Caleb Williams is playing better, and given the Bears’ history at quarterback and his own turbulent rookie season, that’s a big deal. All the qualifiers and caveats are secondary to the fact that he is progressing under coach Ben Johnson.
It can’t stop there, though.
When it comes to Williams, this season is all about the Bears determining whether he’s truly on track to be their franchise quarterback. They need clear evidence that he can carry their future.
He must show a lot more, but so far, so good. His 97.8 passer rating is 14th in the NFL and 10 points better than what he posted last season, and most of his other statistics are modestly improved as well. He’s throwing about twice as many touchdown passes per game, his yards passing per game is up from 208.3 to 231.8 and he has been sacked on just 5% of his drop-backs, compared to 11% last season.
That’s partly because he lit up the Cowboys and former coach Matt Eberflus, now their defensive coordinator, in Week 3. They’ve allowed the most yards, second-most points and second-highest passer rating in the league.
Williams threw four touchdown passes and put up 298 yards against them for a career-best 142.6 passer rating. Over the other three games, however, he was at 83.3.
It’s up to Williams to prove that was a legitimate step in the right direction and not merely an outlier against a bad opponent. Mitch Trubisky famously threw six touchdown passes in a 2018 game against a terrible Buccaneers team, and that memory endures as more of a warning about false hope than anything else.
The Bears are off this weekend, but resume with a huge game Oct. 13 at the Commanders. Williams will return to where he grew up and take on quarterback Jayden Daniels, who went second in the draft last year after the Bears took Williams No. 1.
They’ll follow with games against the Saints, Ravens, Bengals and Giants. None of the upcoming five opponents currently rank higher than 18th in points allowed, so there are no excuses.
Two of the top-line goals for Williams this season are to complete 70% of his passes — a target set by Johnson — and to establish definitively that he’s in the top third of the league’s quarterbacks.
The completion percentage hasn’t been there. He’s at 62.3, which is right in line with the 62.5 he hit as a rookie. NFL Next Gen Stats charted him at a league-worst 10.2 points below his expected completion percentage, which is based on receiver separation and other factors.
Williams was under pressure nonstop in the Bears’ recent win over the Raiders and completed just 59.5% of his passes, though he appeared to figure out the pass rush as he went and rebounded from a 2-for-7 start to complete 20 of 30 the rest of the game.

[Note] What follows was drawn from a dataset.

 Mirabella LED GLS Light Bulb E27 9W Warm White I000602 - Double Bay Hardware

That points to another area where he needs to make strides: steadiness. The Bears seem to be getting two totally different versions of Williams over the course of a game. He was hot at the start against the Vikings, then ice cold as the game slipped away. It was the opposite in Las Vegas.
While it’s great that Williams already has shown a knack for making plays with the game on the line, fewer games will go down to the wire if he plays more evenly. His career quarter-by-quarter passer rating fluctuates from 82.7 in the third to 96.1 in the fourth.

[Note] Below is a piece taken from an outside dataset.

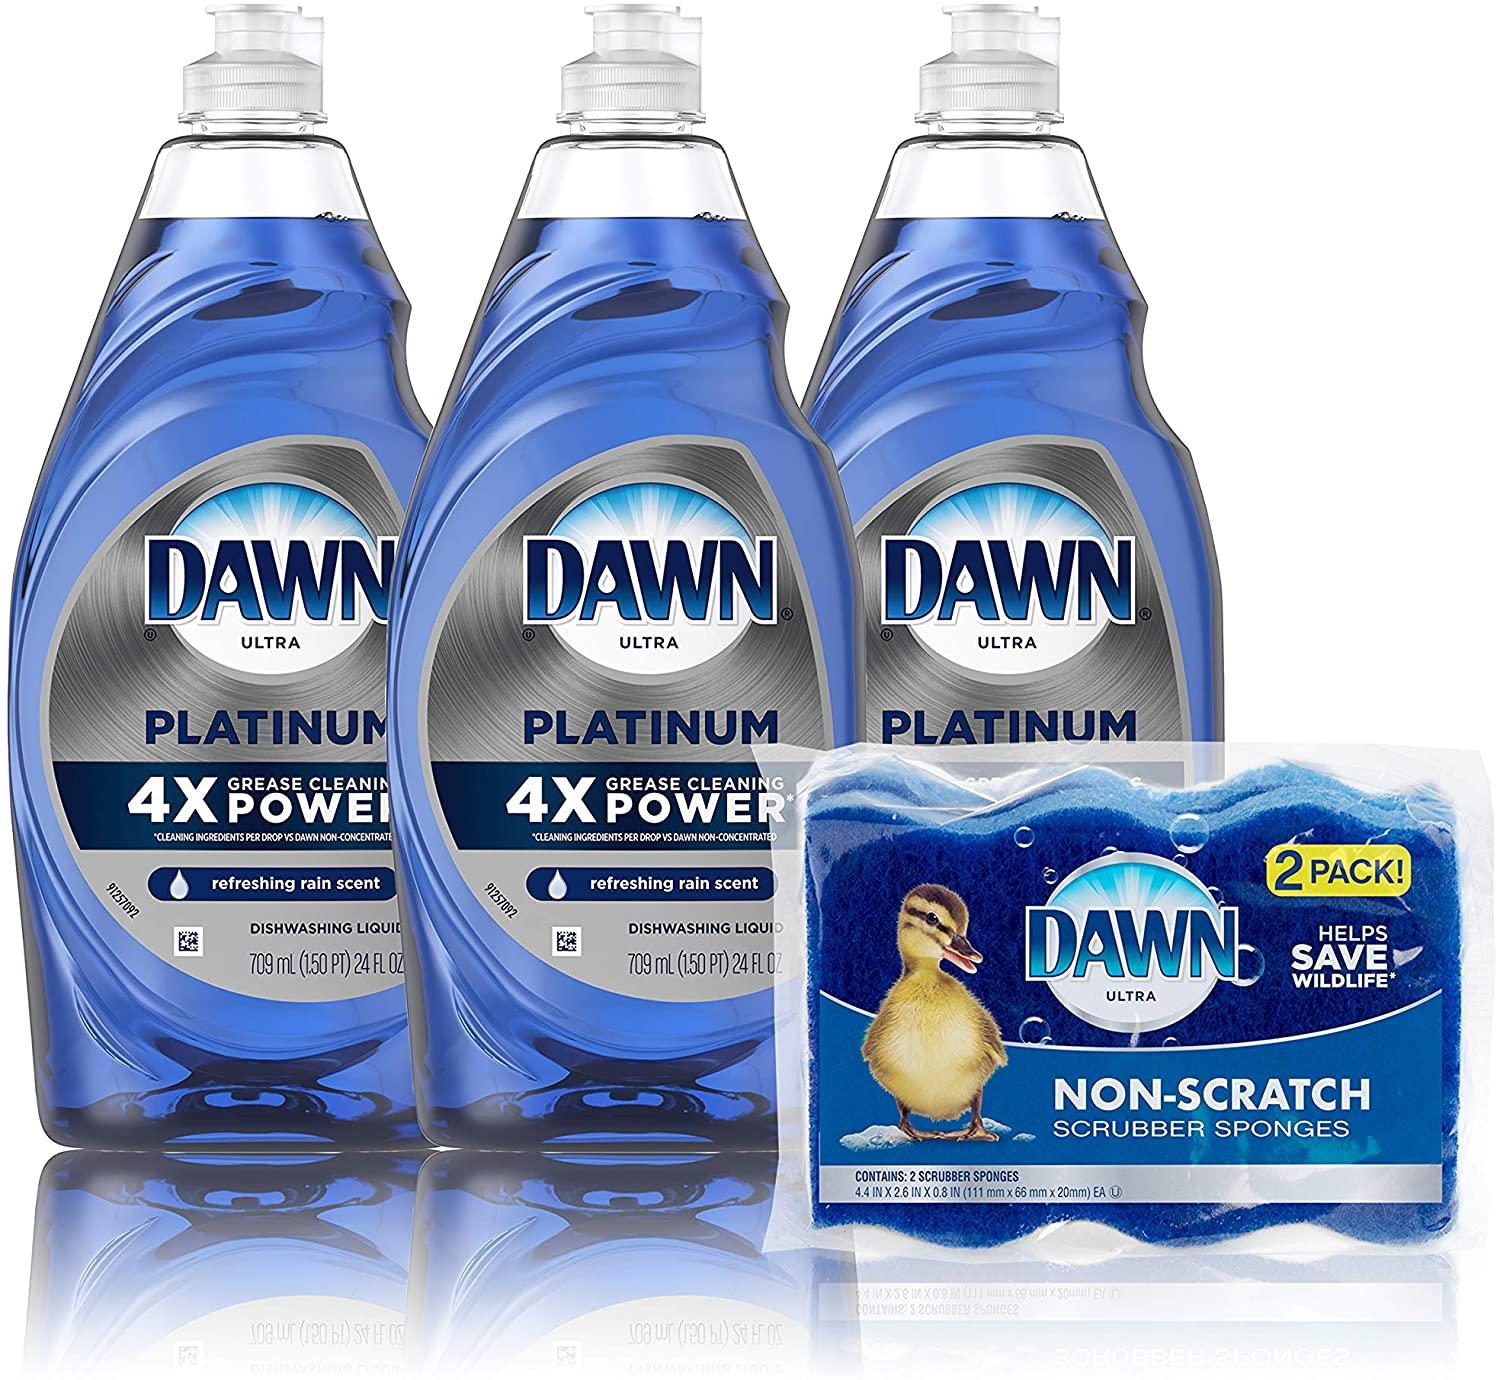 3 Dawn Ultra Platinum Liquid Dishwashing Soaps for $10.37 Shipped

Patrick Mahomes, for example, has quarter splits within a 6.5 differential. He’s fairly predictable for his coaches. He is in his ninth season and already has a Hall of Fame-worthy career, but it’s an important comparison because Williams is trying to get to where Mahomes already stands.
It’ll also be big for Williams to lead Bears to wins, as he helped do in Las Vegas.
That will be difficult if the team can’t fix some of its biggest problems right now: a sputtering running game, uncertainty at left tackle and a vulnerable defense.
If those issues persist, it’s asking a lot of Williams to overcome them on a regular basis. But that’s part of the job. Great quarterbacks improvise under duress and rise above adverse circumstances.
If the Bears keep giving up 29 points per game, they need Williams to get them to 30. If left tackle is going to be a liability, they need Williams to adapt. If the running game never really gets going, they need him to be reliable as a high-volume passer.
It’s a high bar, but it should be.
General manager Ryan Poles bet his job security on taking Williams over Daniels. Johnson jumped at the head-coaching vacancy in large part because he envisioned a long-term future with Williams. By the time Williams is up for a contract extension, the going rate for quarterbacks could top $70 million per season.
With that kind of investment, everyone needs to be sure of what Williams is. This is his time to convince them.